3. The SAS70 review requires hard evidence.  If the client controls state
that they have something in place, the third party auditor will ask for
proof multiple times until they are comfortable that the control does exist
and operates effectively.  See #2 above.

4. Controls are not based on some industry best practice that the 3rd party
auditor brings in.  The controls statement/document is the responsibility of
the client.  The client says "we have these controls in place."  This is
very important.  The third party auditor tests, verifies, and validates.

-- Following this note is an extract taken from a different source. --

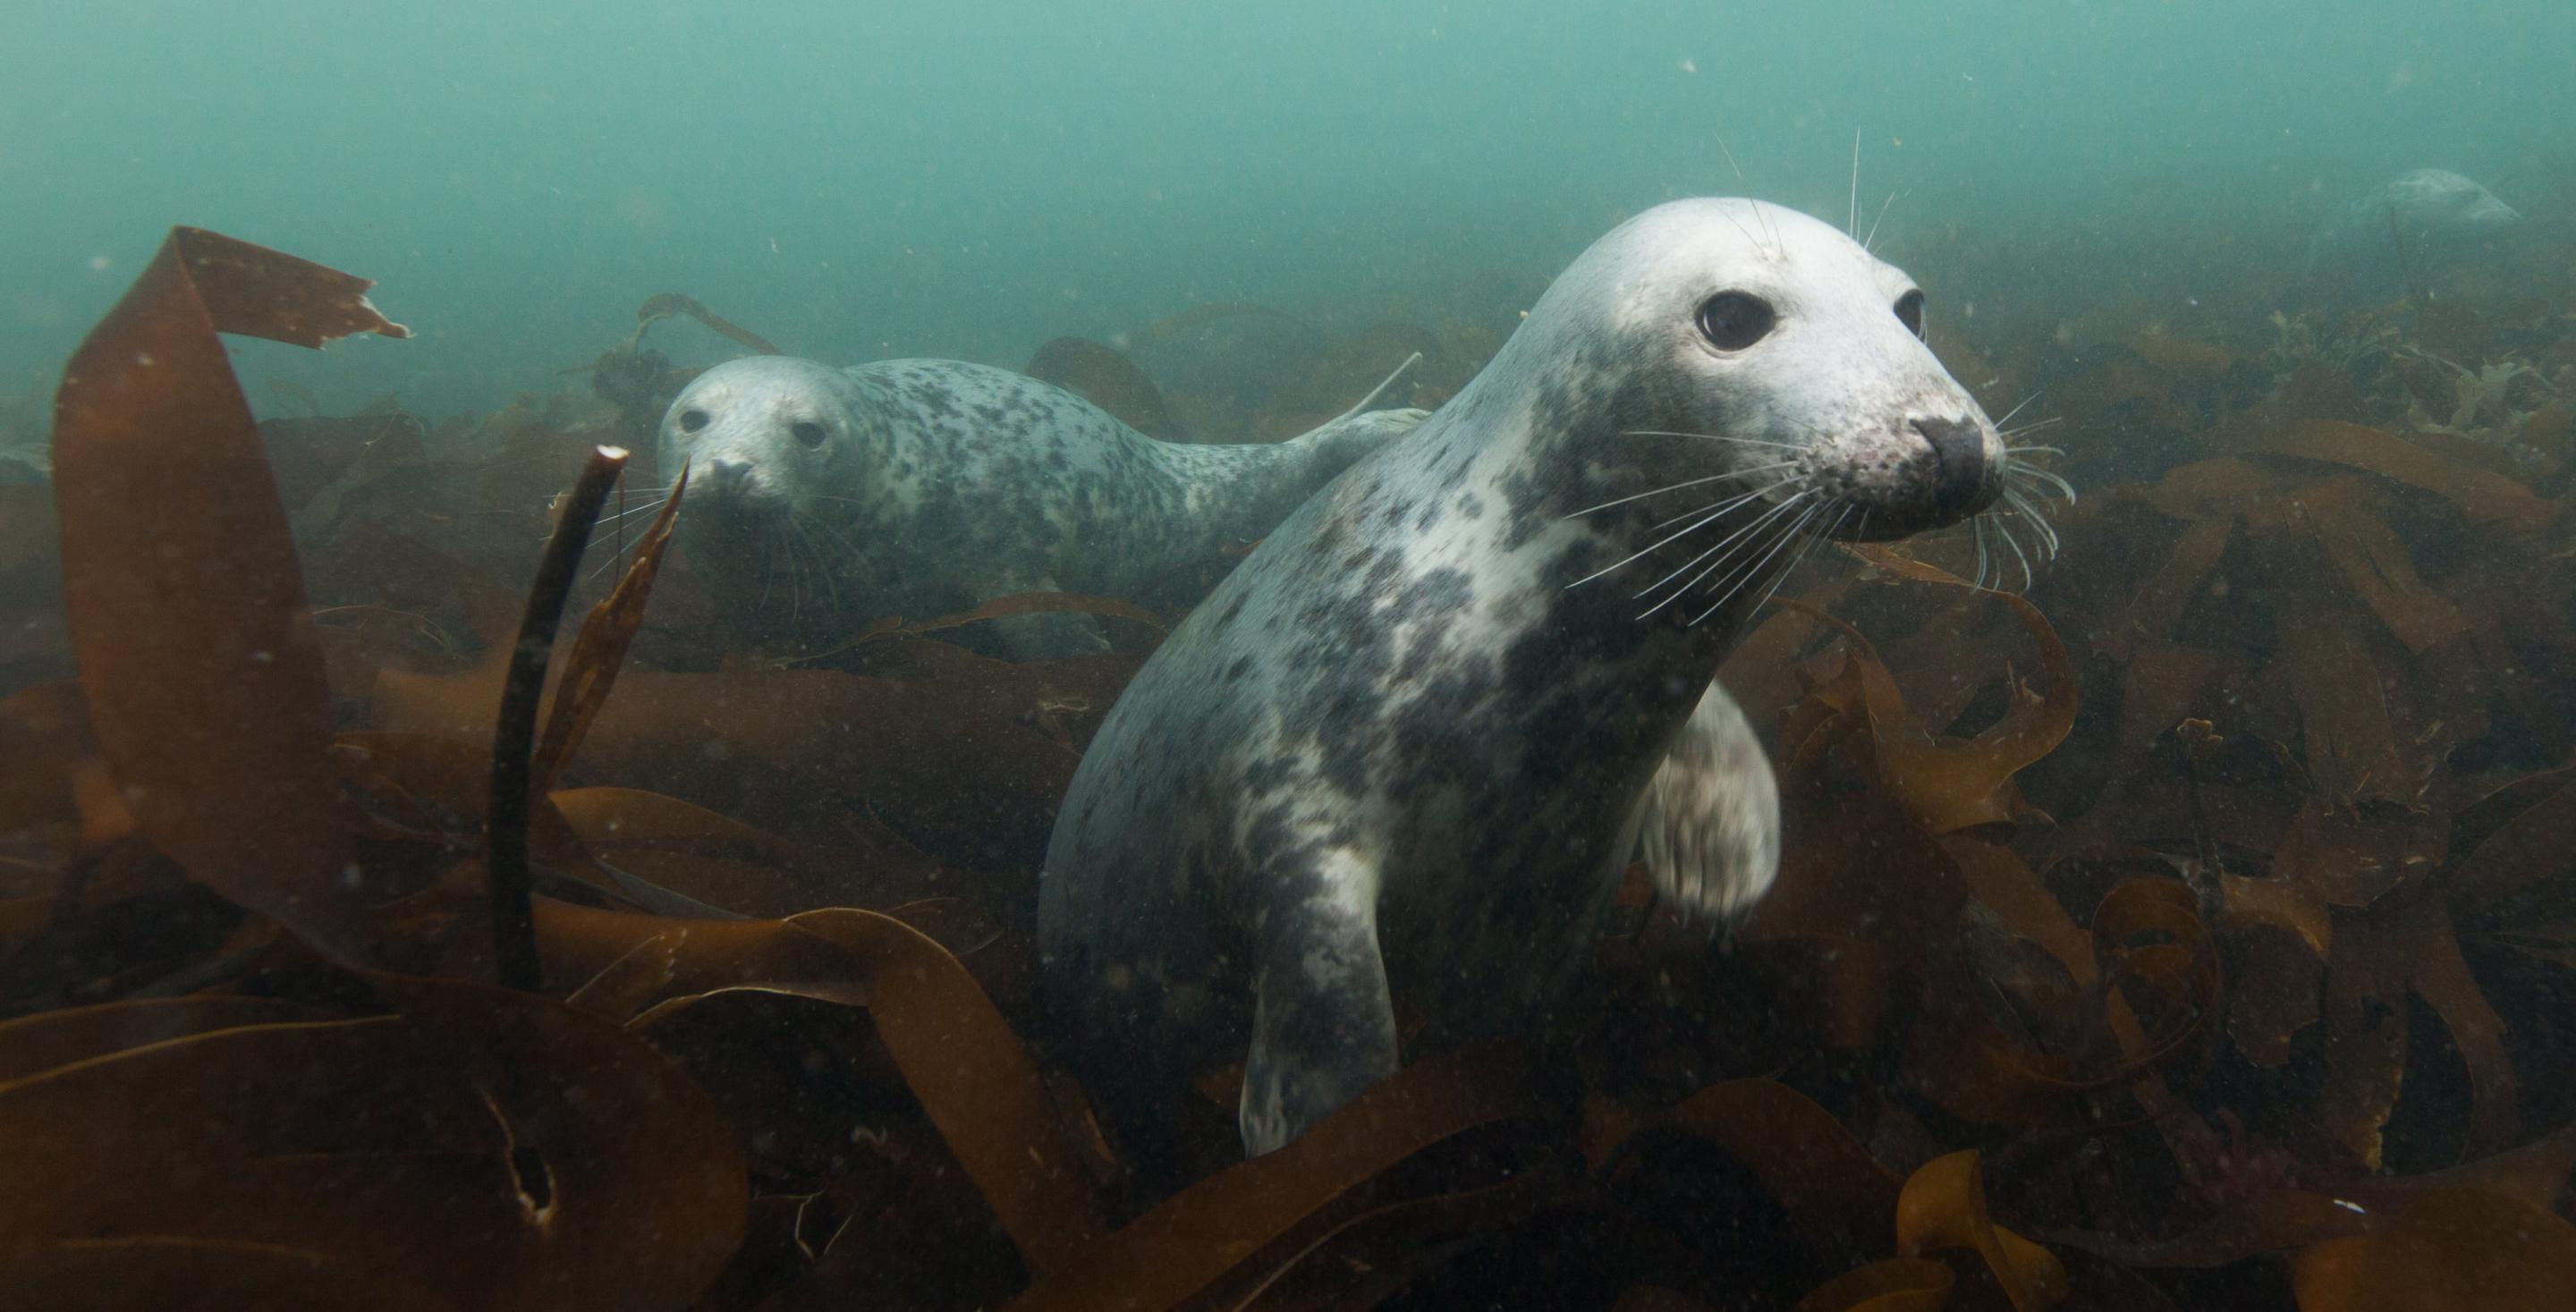 Plongée avec les phoques - Zone protégée depuis 1945, les îles de Farnes abritent une colonie particulièrement importante de phoques (Phoca vitulina) - Angleterre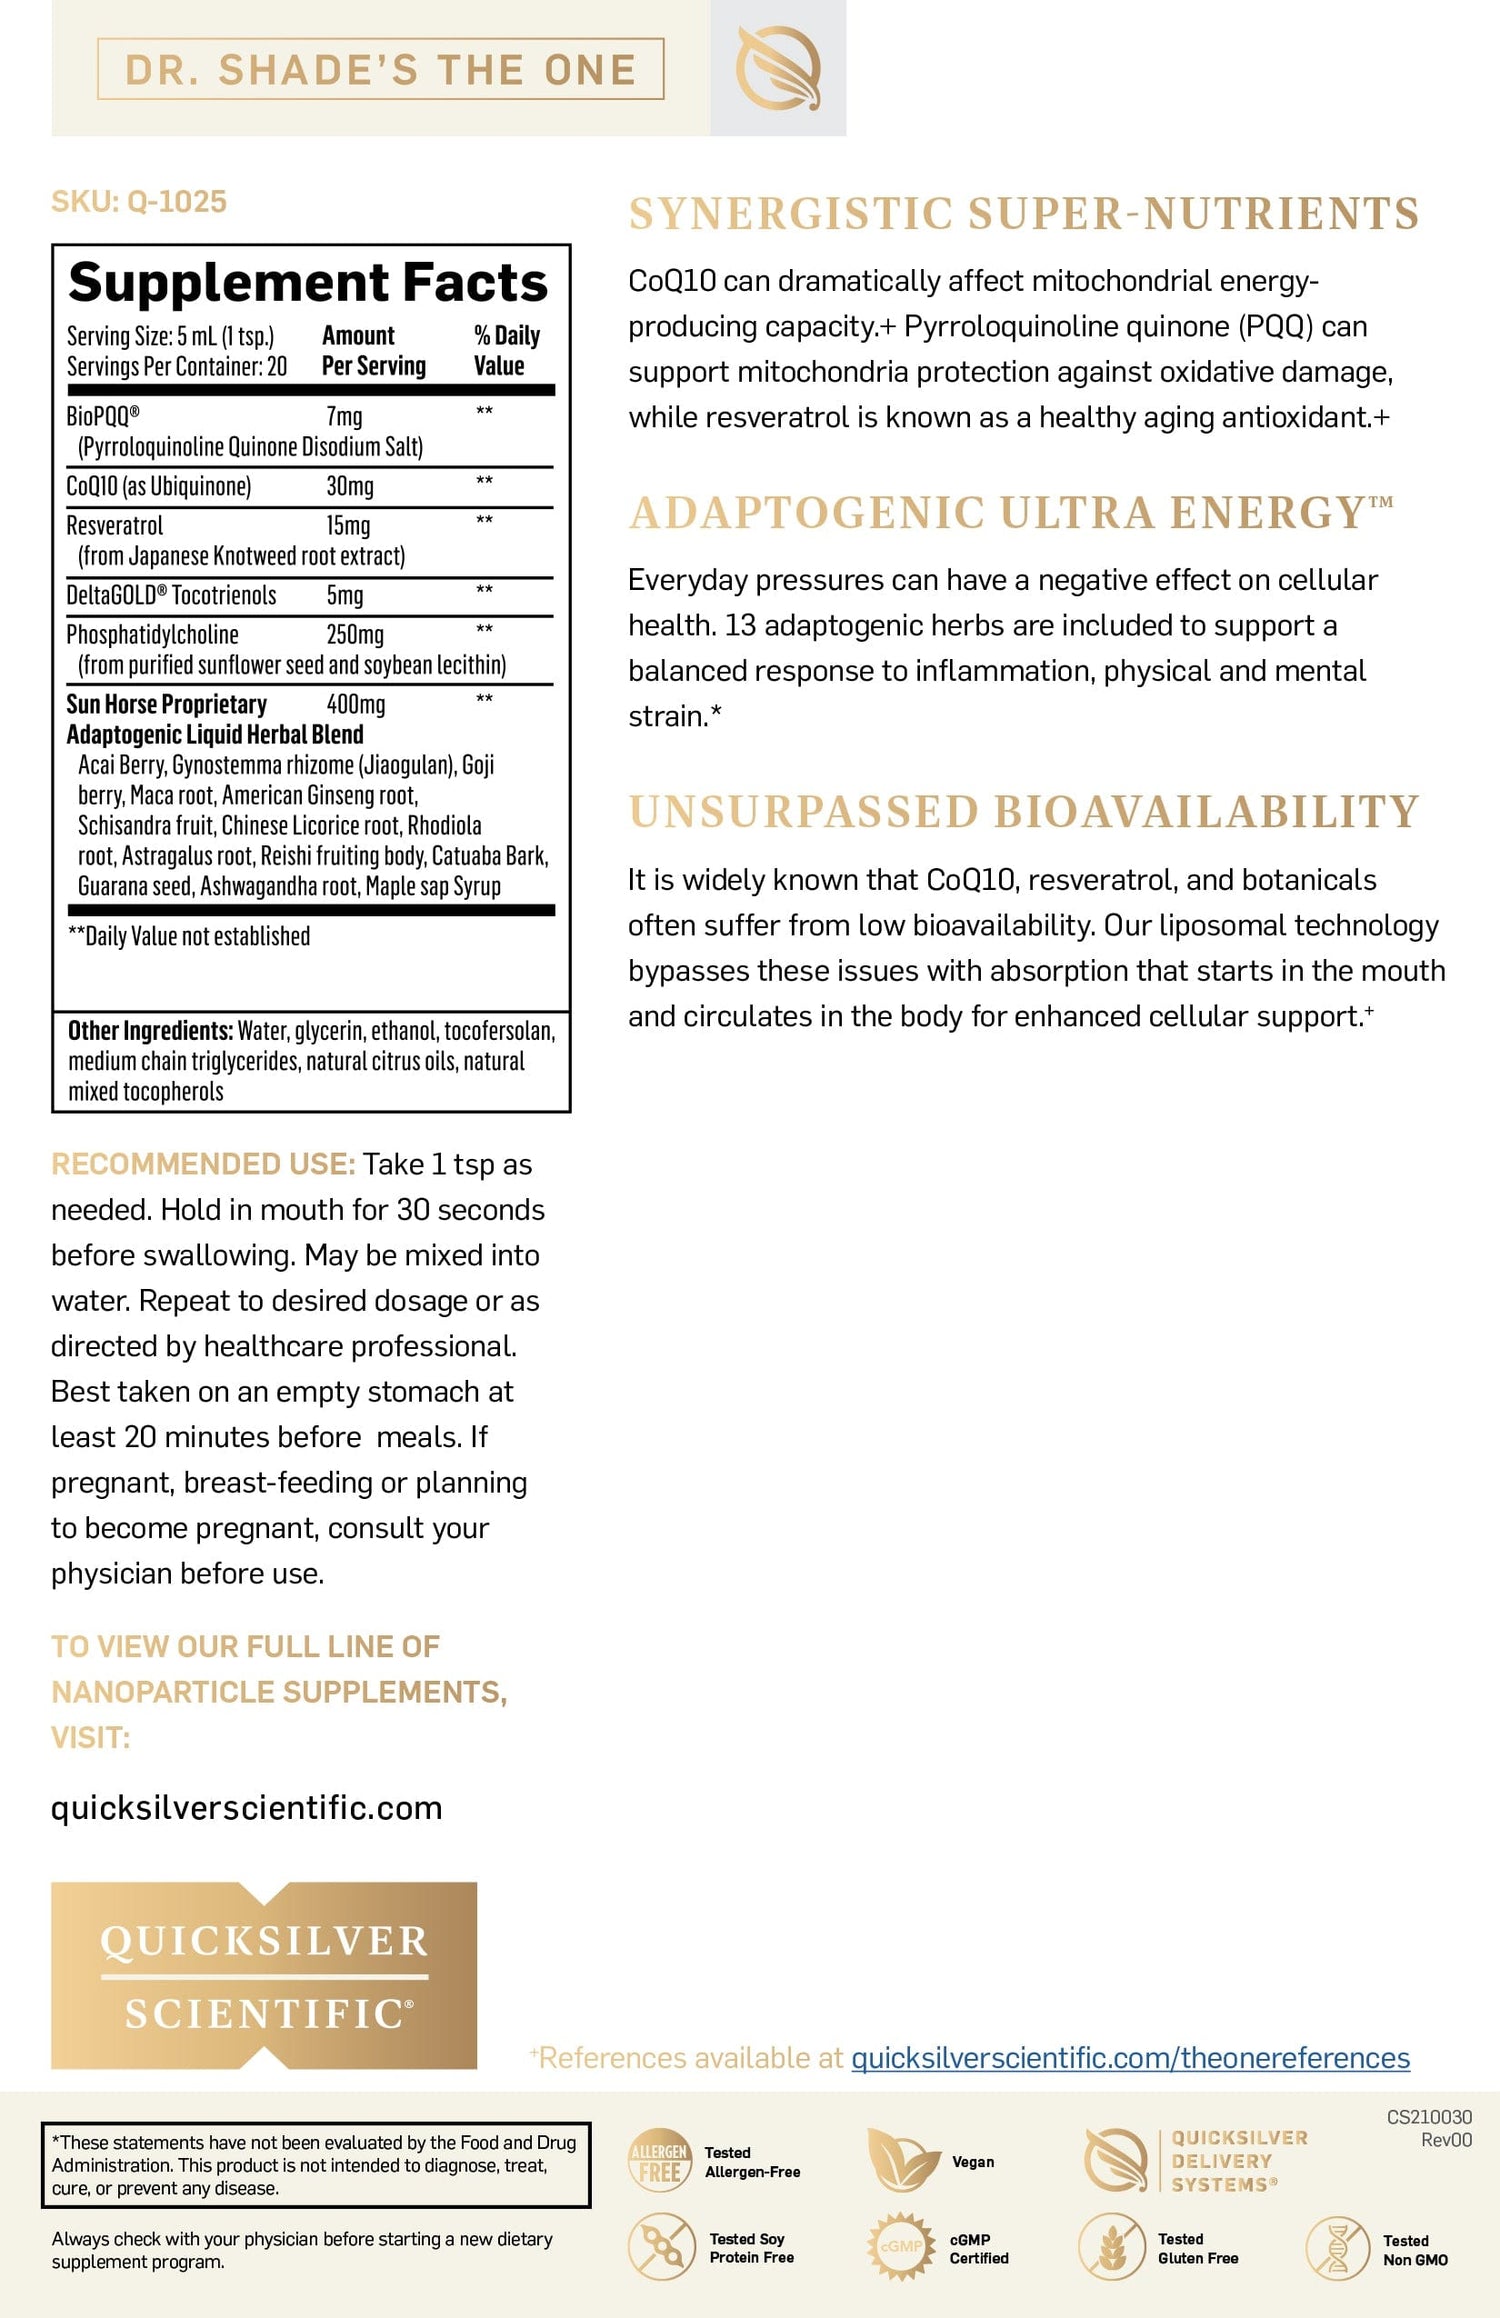 QS Liposomal Energy Supplement Fact Sheet

I hope that helps.  I can answer any more questions you may have.

Betty


-----Original Message-----
From: Tom Litney [mailto:Tom.Litney () NET-RELIANCE COM]
Sent: Wednesday, September 27, 2000 12:31 PM
To: PEN-TEST () SECURITYFOCUS COM
Subject: Re: [PEN-TEST] SAS70; the process and merit thereof?


Craig,

   Ok I'll take a stab at this though I'm no expert.  A SAS70 is a public
statement by an independent third party audit firm that states that the
controls someone claims are in place actually are in place.  This gives the
public (or customers) who will never have access to an internal audit the
warm and fuzzies that controls are as they claim.  Therefore, you should
required a SAS70 of anyone you may be planning on doing business with who
has access or control of some of your sensitive data.  But because it is a
public audit, it tends to be high level.  You probably would not want the
results of a pentest to be made public so that is usually never included in
a SAS70 audit.

   Tom

-----Original Message-----
From: Penetration Testers [mailto:PEN-TEST () SECURITYFOCUS COM]On Behalf
Of Craig Anderson
Sent: Tuesday, September 26, 2000 8:32 AM
To: PEN-TEST () SECURITYFOCUS COM
Subject: [PEN-TEST] SAS70; the process and merit thereof?


Helu,

  This is a little off the subject of general penetration testing, but I
think it still falls under the general awareness of the pen-testing crowd.

  Is anyone familiar with the process of attaining SAS70 certification
( Statements and Accounting Standards ) that is used to 'label' an
infrastructure sufficiently secure to perform online financial
transactions?

  More importantly, is this just another semi-worthless 'stamp' of
approval, ala ICSA ( not to offend anyone.. my opinion though )?

  Also, has anyone been asked to verify the set of requirements this
entails in addition to a penetration test?